# Required action
Reproduce the entries that follow precisely, setting aside any images.

----

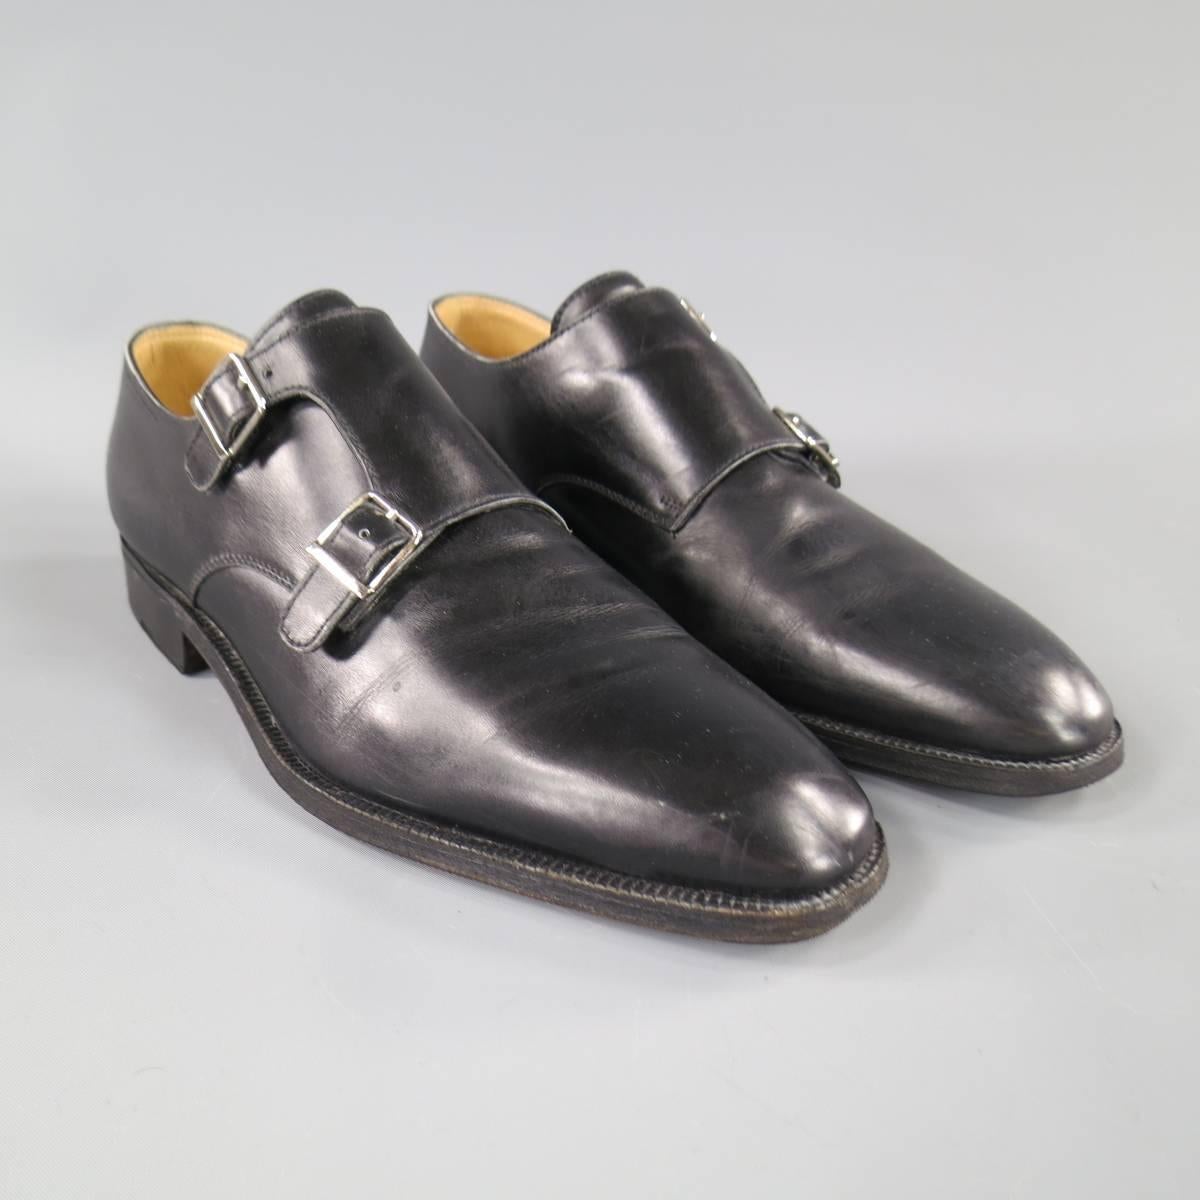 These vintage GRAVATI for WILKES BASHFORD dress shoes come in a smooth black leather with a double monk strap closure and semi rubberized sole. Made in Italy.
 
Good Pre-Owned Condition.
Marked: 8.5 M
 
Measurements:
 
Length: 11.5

----

# Exercise output
 These vintage GRAVATI for WILKES BASHFORD dress shoes come in a smooth black leather with a double monk strap closure and semi rubberized sole. Made in Italy.
 
Good Pre-Owned Condition.
Marked: 8.5 M
 
Measurements:
 
Length: 11.5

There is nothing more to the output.